Fluctuations and Pseudo Long Range Dependence in Network Flows: A Non-Stationary Poisson Process Model

TL;DR

This paper introduces a non-stationary Poisson process model to explain the varying fluctuation scaling laws in complex network flows, linking them to external/internal forces and pseudo long-range dependence.

Contribution

It provides an analytical framework for understanding non-universal fluctuation scaling and its relation to pseudo long-range dependence in network systems.

Findings

The scaling exponent varies between 1/2 and 1 depending on system factors.

The model captures crossover behavior in fluctuation scaling.

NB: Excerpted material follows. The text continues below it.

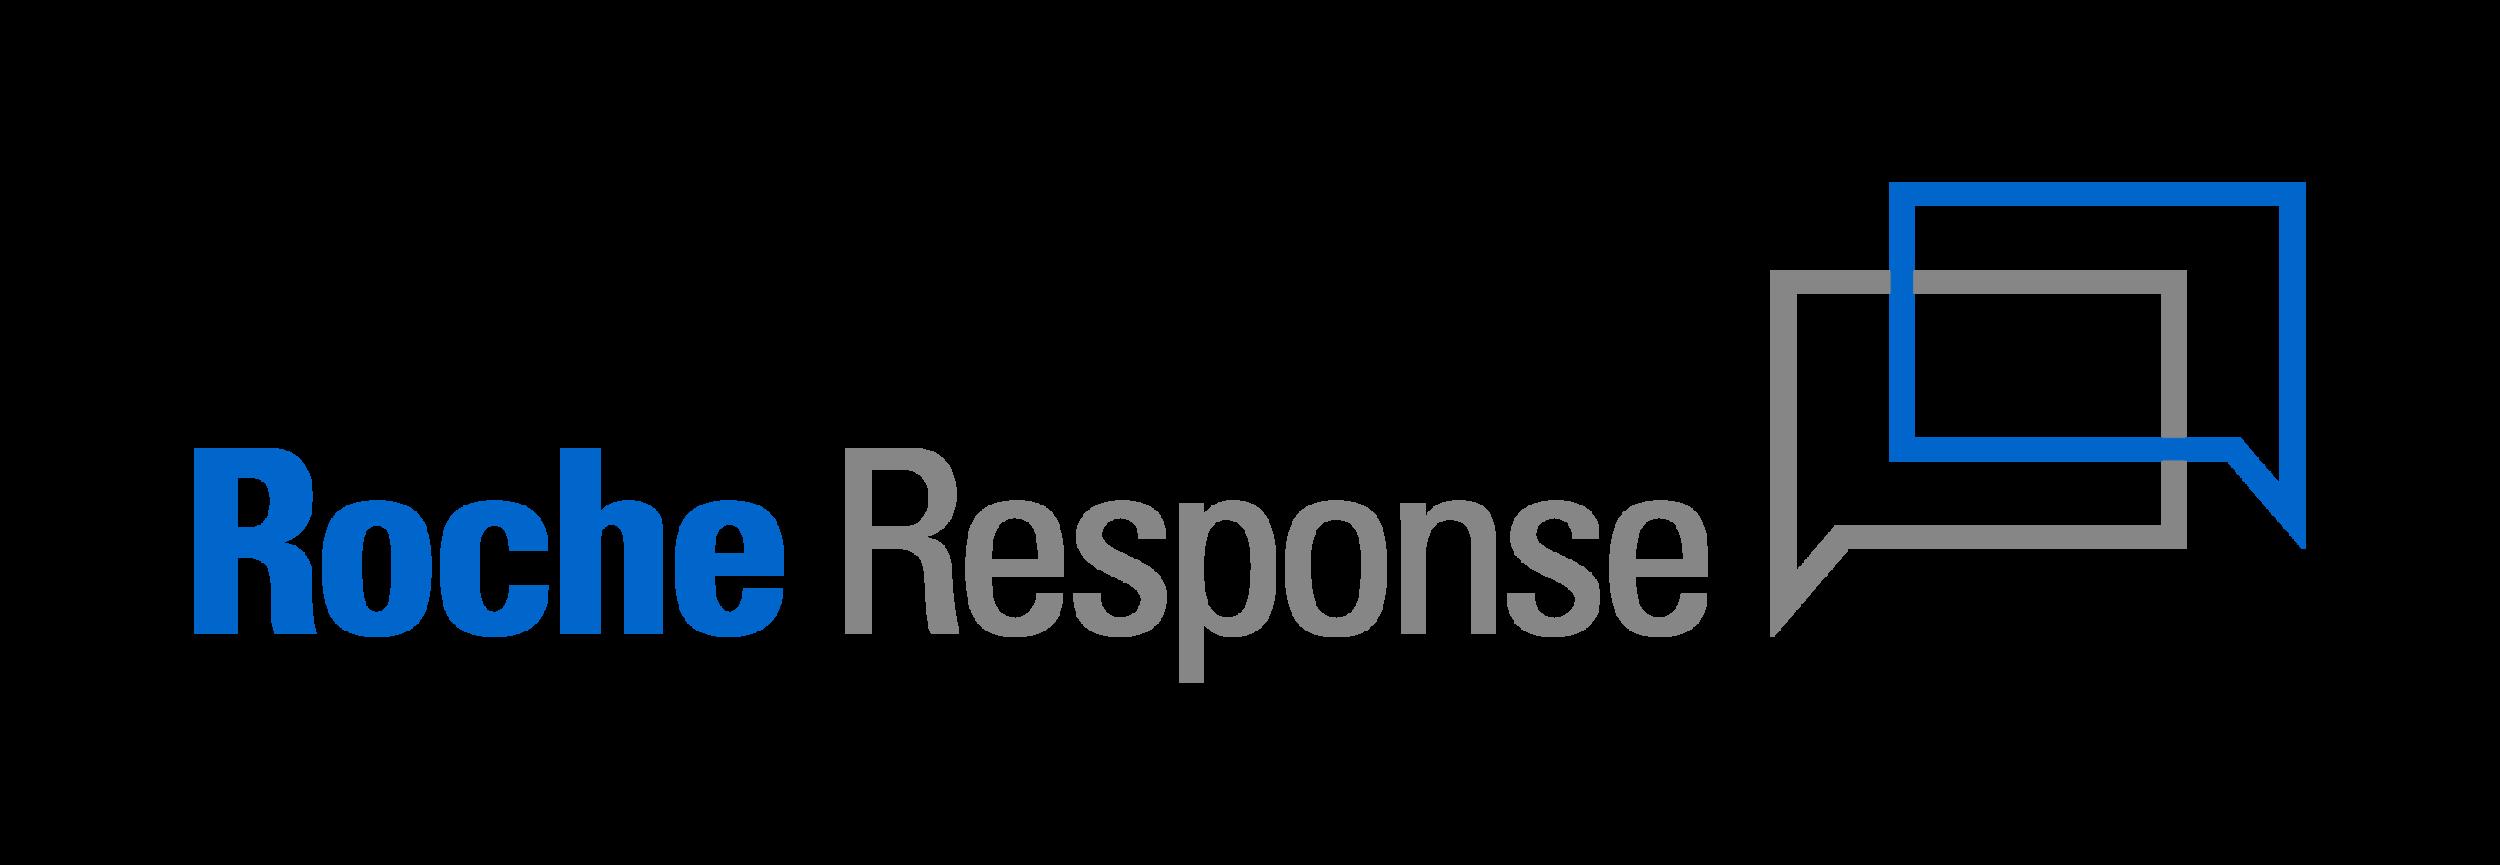 Roche_Response_Digital_02-01.png

Numerical experiments confirm the model's ability to reproduce multi-scaling phenomena.

Abstract

In the study of complex networks (systems), the scaling phenomenon of flow fluctuations refers to a certain power-law between the mean flux (activity) $<F_i>$ of the $i$th node and its variance $\sigma_i$ as $\sigma_i \propto < F_{i} > ^{\alpha}$. Such scaling laws are found to be prevalent both in natural and man-made network systems, but our understanding of their origins still remains limited. In this paper, a non-stationary Poisson process model is proposed to give an analytical explanation of the non-universal scaling phenomenon: the exponent $\alpha$ varies between 1/2 and 1 depending on the size of sampling time window and the relative strength of the external/internal driven forces of the systems. The crossover behavior and the relation of fluctuation scaling with pseudo long range dependence are also accounted for by the model. Numerical experiments show that the proposed model can recover the multi-scaling phenomenon.